Deux lettres qui ne se lisent pas ensemble :

  • Il a écrit ot a'hat bakarka ve'ot a'hat bakora - une lettre sur le sol et une lettre sur la poutre de la maison, et elles sont très éloignées l'une de l'autre.

  • Il a écrit deux lettres al chné kotalim - sur deux murs différents.

  • Il a écrit deux lettres bichné dapé pinkas - sur deux pages d'un carnet.

Dans les deux derniers cas, il est impossible de lire les lettres ensemble, car elles ne sont pas assez proches l'une de l'autre pour être lues d'un seul tenant. Dans tous ces cas, il est exempt, car il ne s'agit pas de l'écriture de deux lettres ensemble de manière durable.

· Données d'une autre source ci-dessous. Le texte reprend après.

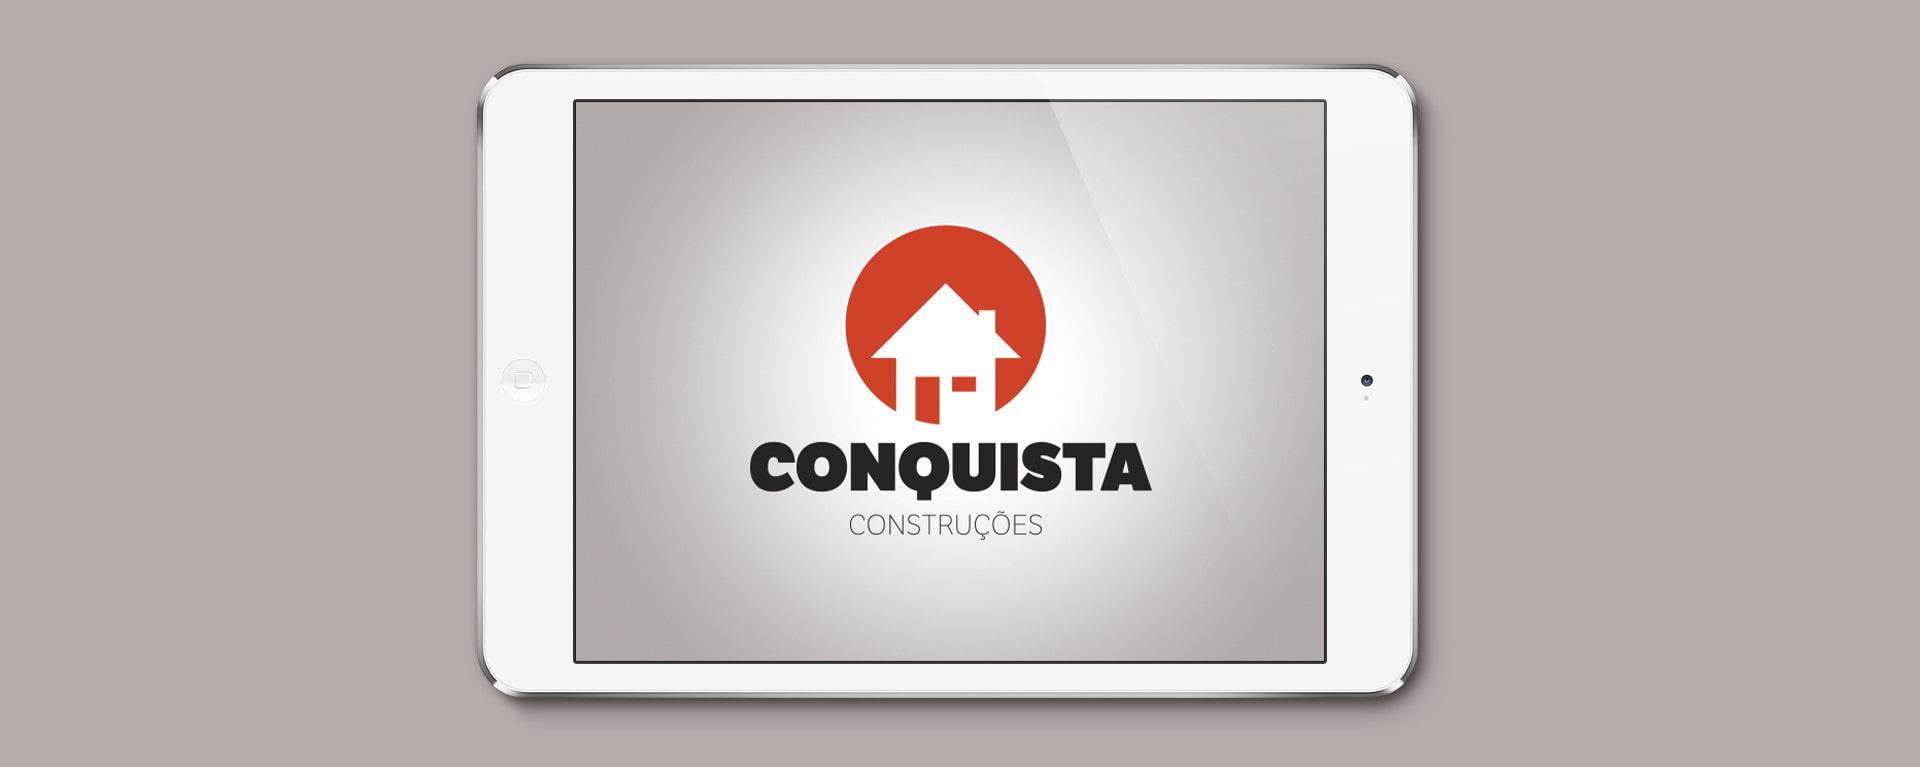 Logotipo Consquista Construções

Une seule lettre symbolisant un mot entier :

Quelle est la loi concernant celui qui écrit une seule lettre et place à côté d'elle un guérech, comme cela se rencontre souvent en hébreu, pour signifier un mot entier ? Par exemple celui qui écrit la lettre alef avec un guérech, symbolisant 'adon' (maître), ou la lettre rech avec un guérech, symbolisant 'rabbi'. Voici qu'il a écrit deux choses différentes, mais une seule d'entre elles est une lettre, la seconde n'étant qu'un guérech.

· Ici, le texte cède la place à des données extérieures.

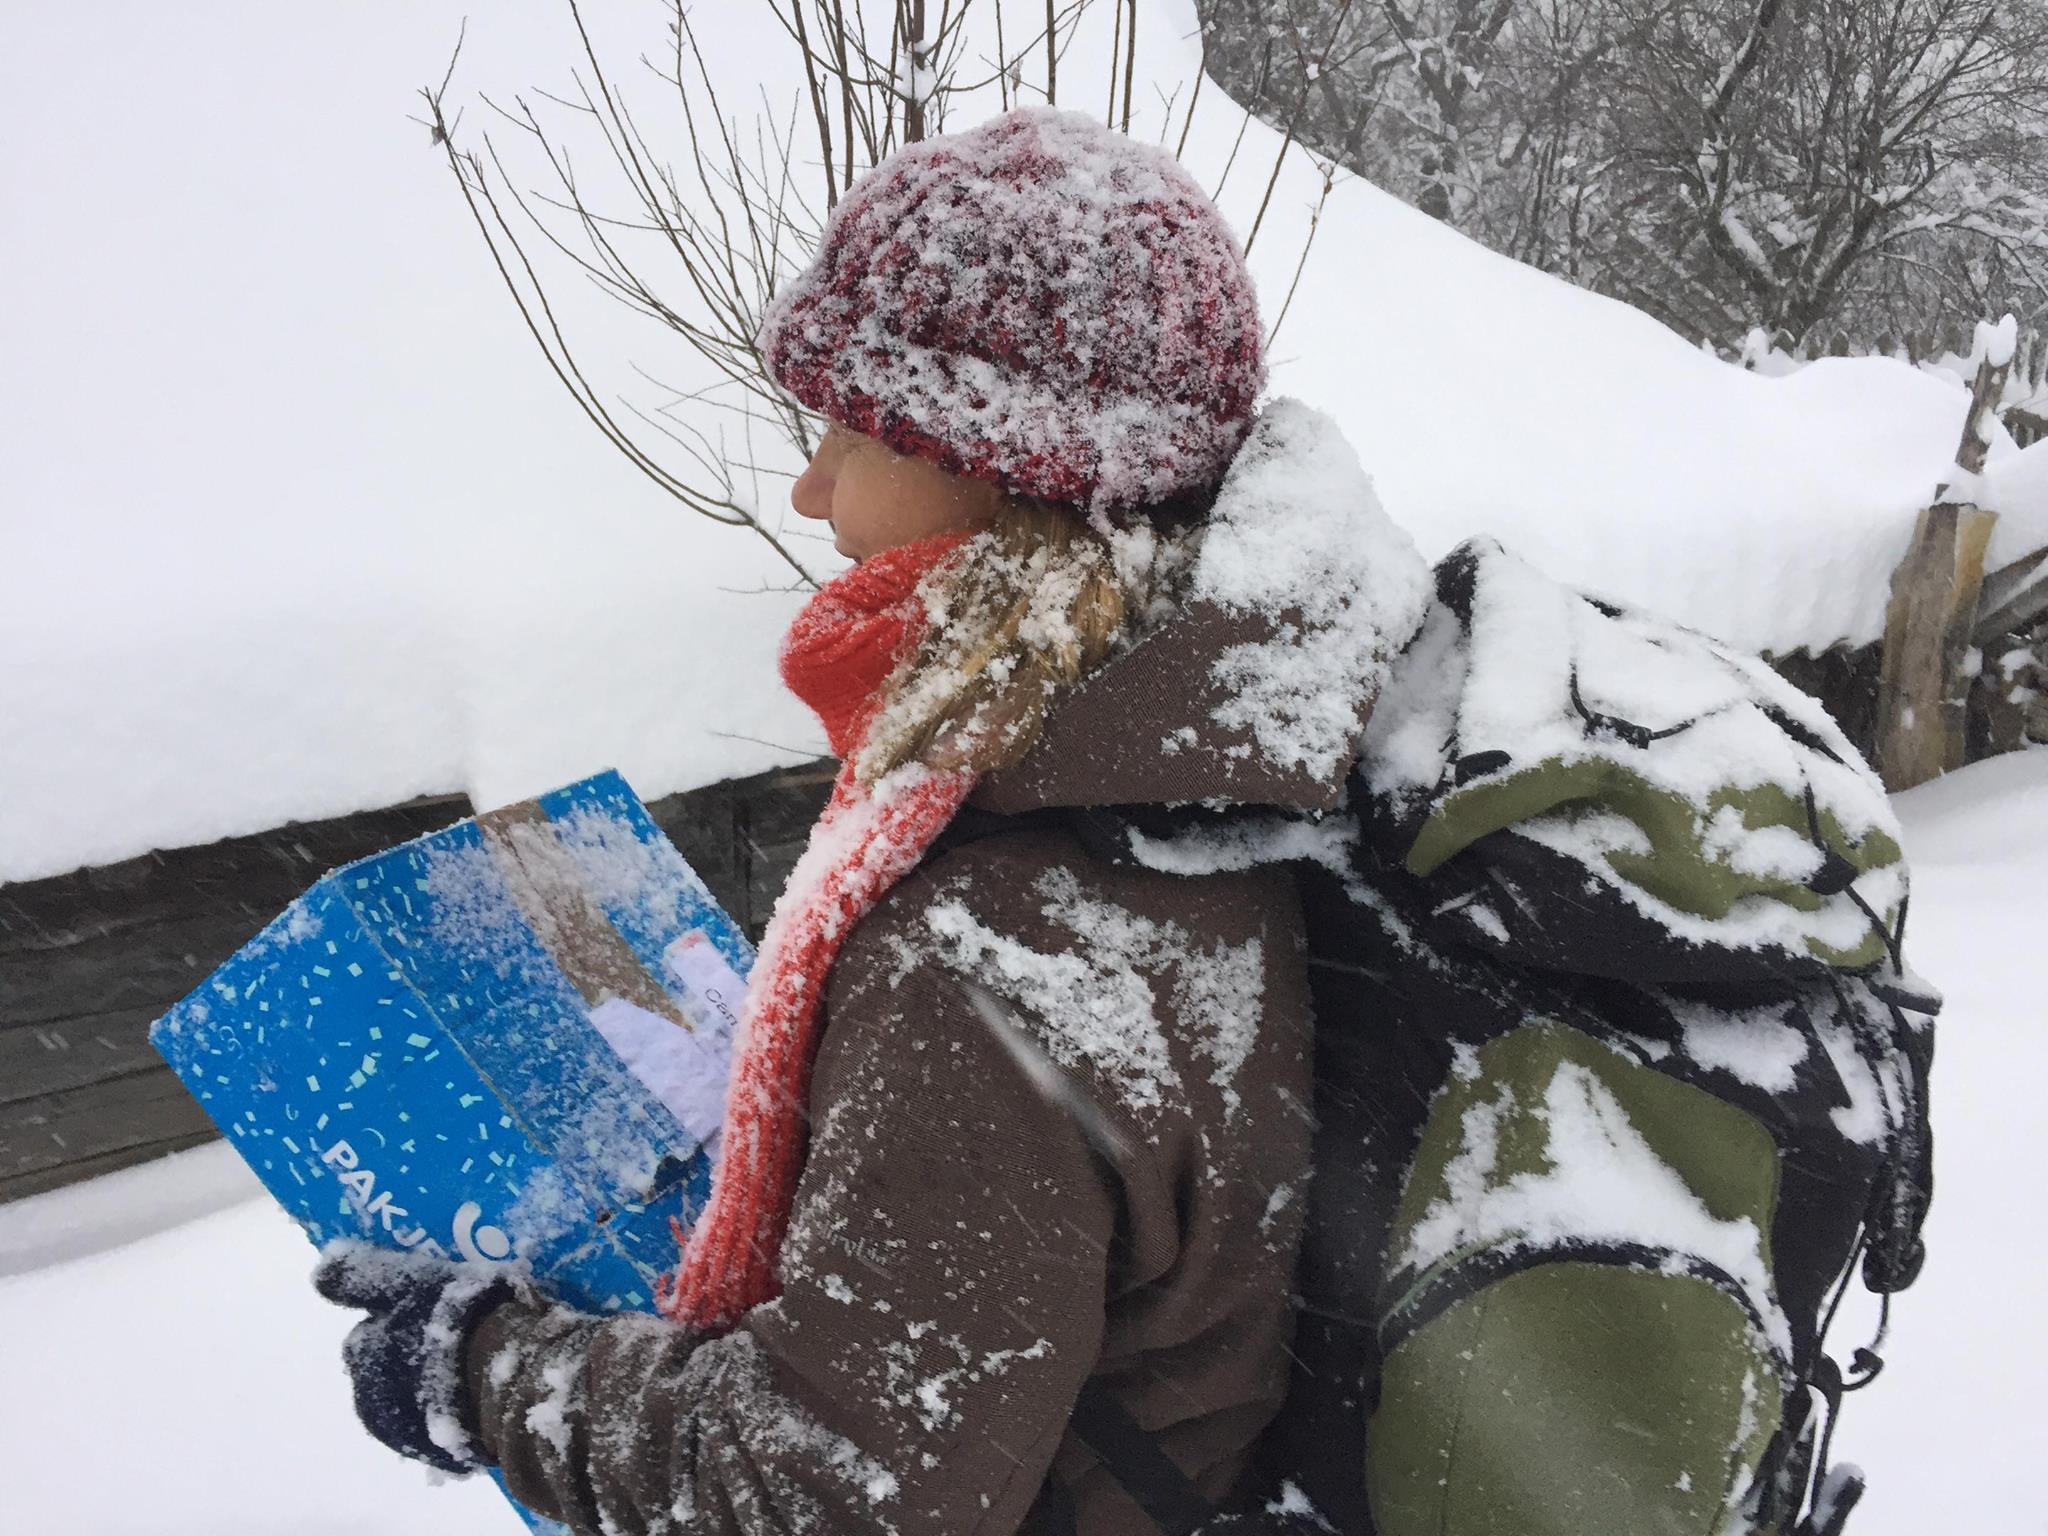 """IZOLAȚI ÎN ROMÂNIA (Emoționantele și pilduitoarele reportaje de Crăciun 2016-2019 ale echipei de la TVR1) – OAMENI MINUNAȚI și SFINȚI SINGURATICI NEȘTIUȚI de lângă noi (I). <i>""""Oameni ca ei nu se vor mai naște pe acest pământ!""""</i>. PENTRU EI ÎNCĂ NE MAI ȚINE DUMNEZEU…"""

  • Rabbi Yehochoua ben Betéra mé'hayev - il déclare passible, car à partir de cette unique lettre et de ce petit trait supplémentaire, tous comprennent un mot entier.

  • Va'hachamim potrim - les Sages l'exemptent, car il n'y a encore ici que deux lettres.

En résumé : dans cette michna, nous avons énuméré les cas dans lesquels celui qui écrit n'est pas passible : l'écriture avec des matières qui ne se conservent pas ou sur une surface qui ne se conserve pas ; l'écriture d'une manière inhabituelle, avec le dos de la main, avec le pied, avec la bouche et avec le coude ; l'écriture qui ne comporte pas l'équivalent de deux nouvelles lettres, que ce soit par complètement ou par rénovation d'une écriture effacée, ainsi que celui qui a l'intention d'écrire une seule lettre et écrit deux zayin ; deux lettres éloignées l'une de l'autre et qui ne se lisent pas ensemble ; et enfin la controverse entre Rabbi Yehochoua ben Betéra et les Sages au sujet d'une seule lettre symbolisant un mot entier.